In a wider debate about the honours system to the Public Accounts Committee in Parliament, Mulholland said: “If someone has been given something for services to an industry and they then are deemed to have damaged that industry, they should lose it.”
He used Tuppen’s CBE, which he received in 2007 for services to the hospitality industry, as an example.
Mulholland accused Tuppen of paying himself half a million pound bonuses and increasing his pay by 50%, even though Enterprise has been over £3bn in debt.
Mulholland said: “There are many people – including me – who study the pub industry very closely who believe he has done more damage singularly than any other individual in this country to the British pub industry. Should there not be a third criteria to say that where people are deemed to have damaged the very sector they are supposed to have helped, they should forfeit their honours?”
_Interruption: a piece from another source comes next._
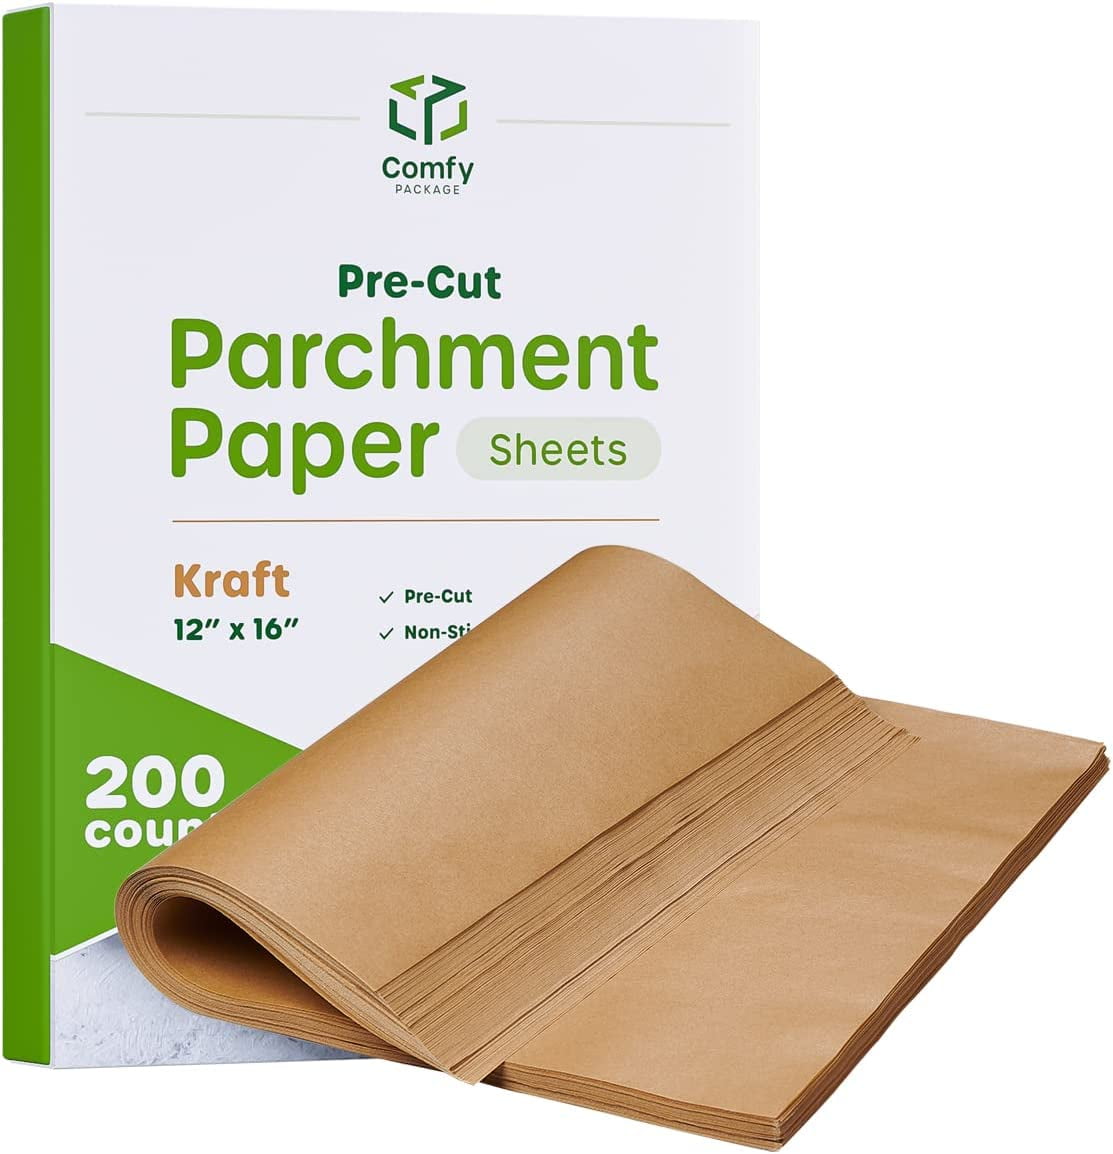 Just.Find.Best Eclair Parchment Paper Baking Sheets with Pre-Printed Templates, Pre-Cut 12 inchx16 inch - 120 Sheets, Size: 12 x 16, Brown

He added: “Very clearly and finally, I absolutely agree giving people like Ted Tuppen an honour brings the honours system into disrepute; he has rewarded himself enormously whilst his companies are failing, his tenants’ businesses are collapsing, families’ lives are being ruined and pubs are closing up and down the country.
“Should there be tighter criteria that say, ‘we will reward you for certain things’ – perhaps not most things, but for certain things – ‘and if you then do things that are an antithesis to that, you will have that honour taken away’, and that then should become an understanding of the system?”
Enterprise Inns did not comment.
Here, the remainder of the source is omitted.